China’s Online Opioid Market Reaches Miami
During his recent trip to China, President Donald J. Trump asked President Xi Jinping to “do something” about the United State’s opioid epidemic, which has been declared a public health emergency. China has become the world’s top manufacturer and exporter of synthetic drugs over the past half-decade. Now, China is being accused of flooding the synesthetic pain medication, fentanyl, which is 30 to 50 times stronger than heroin, into the American drug market through online drug bazaars, according to the New York Times.
Although China has vowed to work with the United States to fight the opioid crisis, the ease of buying fentanyl on the web suggests this market will continue to boom. According to the same article published in the New York Times, almost 100 Chinese companies sell fentanyl to anyone with a bank account and a shipping address through Weiku.com, which is based in Hangzhou.
Experts say it will be difficult to shut down websites such as Weiku.com because of China’s lax regulation of chemical companies. A management consultant for the chemical industry in China, Kai Pflug, told the New York Times that many fentanyl producers label their products as industrial rather than pharmaceutical, allowing them to evade detection from the government. Other producers simply tweak their formulas to bypass new bans or disguise existing products that are already prohibited.
Most of China’s fentanyl is being shipped directly or smuggled into to the United States. Upon arrival, fentanyl is often mixed with heroin, oxycodone or counterfeit prescription pills. This has led to a drastic increase in accidental overdoses across the country.
In Miami, fentanyl-related deaths are ravaging the city’s poorest communities. According to Assistant Miami Fire Chief Pete Gomez in an article by Business Insider, the fire department has seen a considerable increase in poly-drug (typically heroin and fentanyl) overdoses in the past year. This testimony concurs with the Miami medical examiner’s report that, in 2016, nearly 300 overdoses in Miami-Dade County involved fentanyl.
What’s truly chilling about fentanyl’s presence in the Magic City is its potency. This June, 10-year-old Alton Banks died after visiting a pool in Overtown, where he was accidently exposed to tiny amounts of fentanyl.
“It could have been [on] a towel at the pool. We just don’t know,” said Katherine Fernandez Rundle, Miami-Dade state attorney, to Business Insider.

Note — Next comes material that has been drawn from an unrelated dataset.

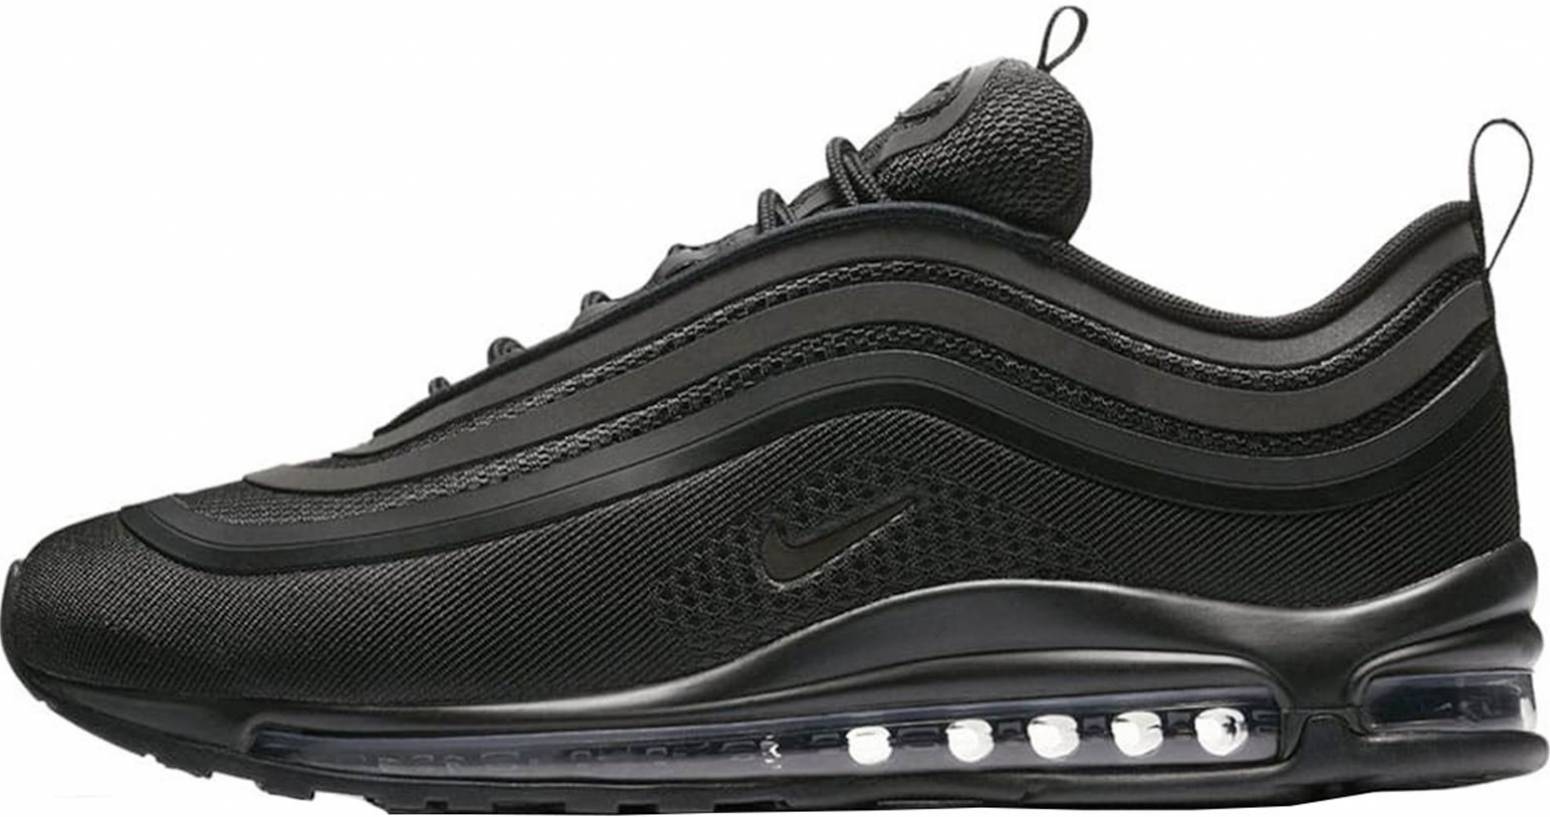 Nike Air Max 97 Ultra 17 sneakers in grey black | RunRepeat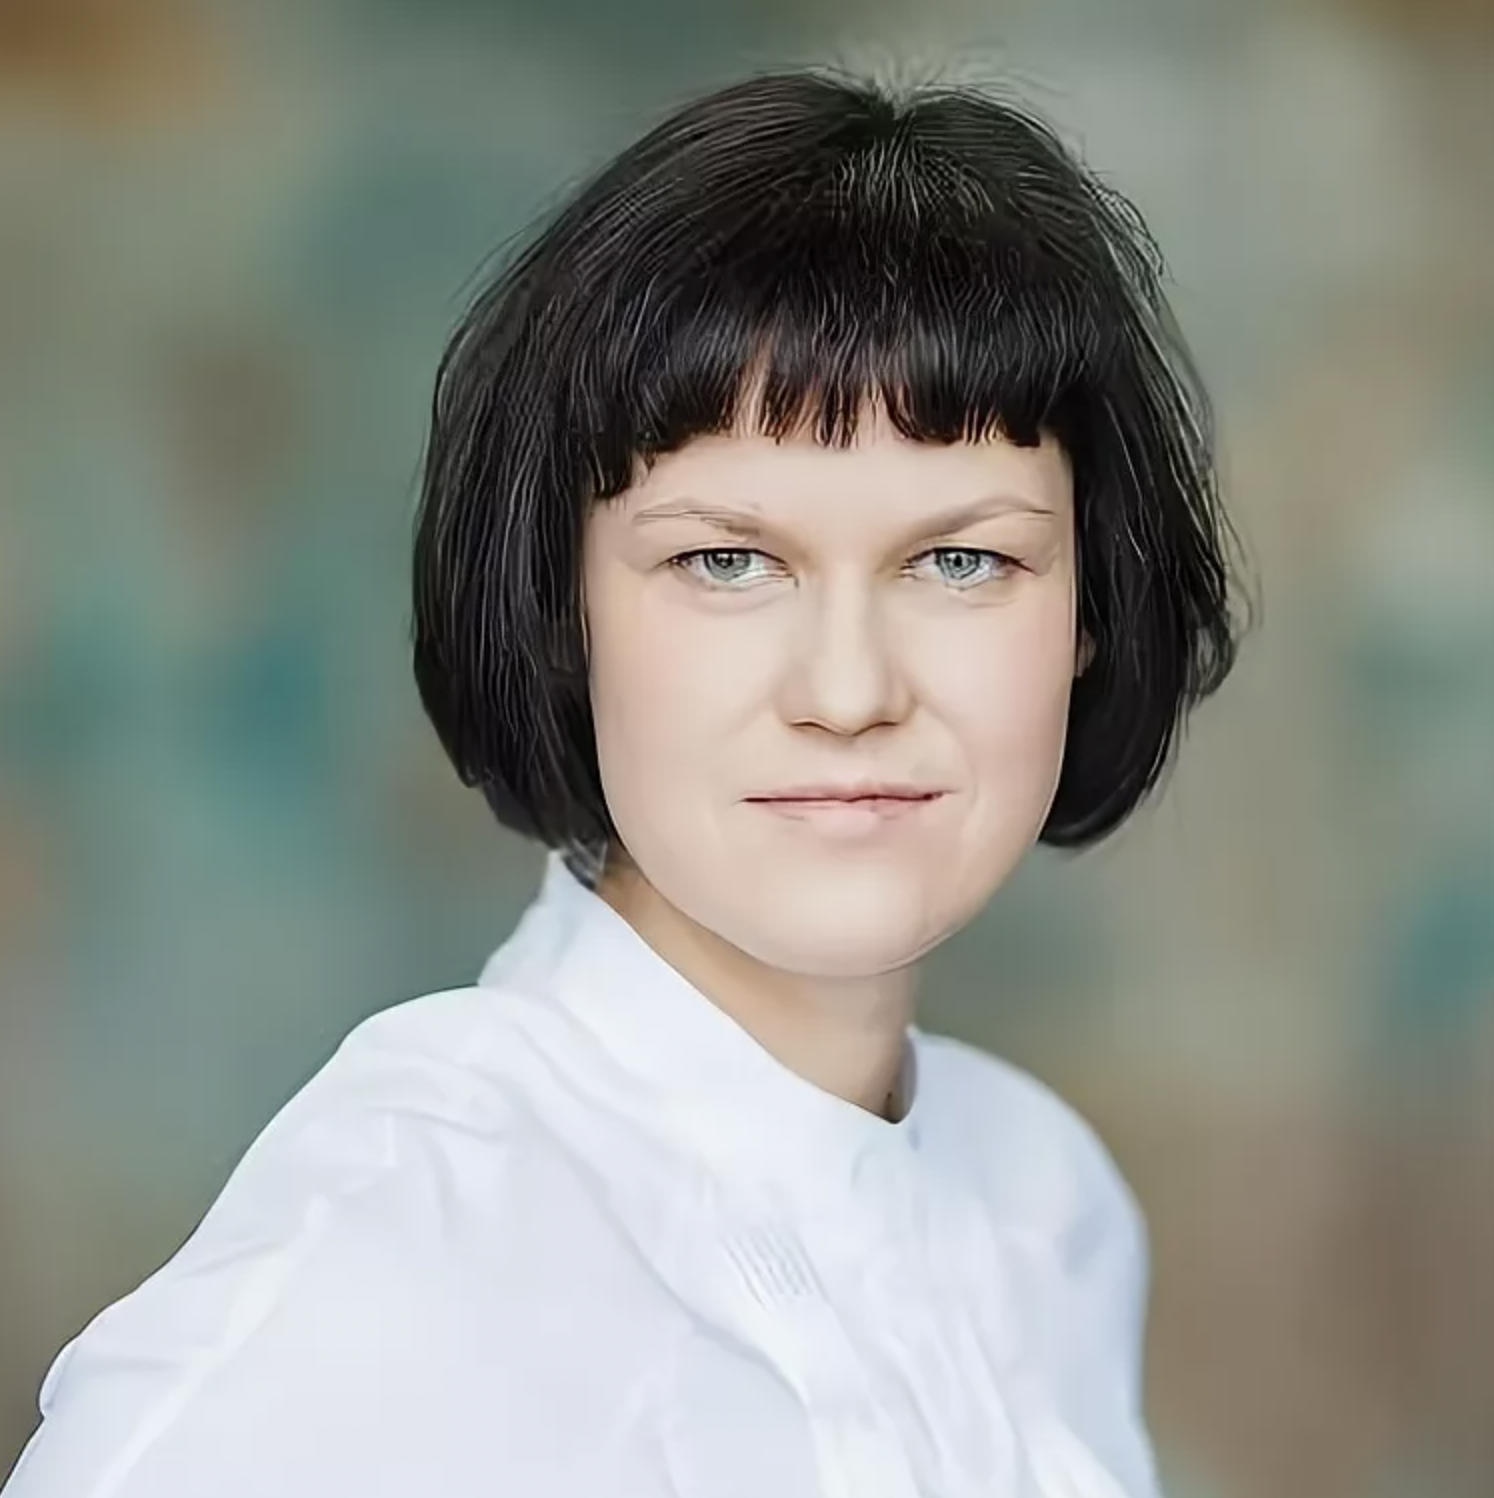 Ольга Набатникова

To combat this epidemic, the Florida Legislature passed a law in October to punish dealers caught with four grams or more of fentanyl. But until the United States and China get a handle on Chinese chemical companies’ exploitation of weak regulations, Miami will continue to see a rise in fentanyl-related deaths.
As Pflug puts it in his interview with the New York Times, “As long as, in China, you can produce chemicals without serious supervision, the problem will persist.”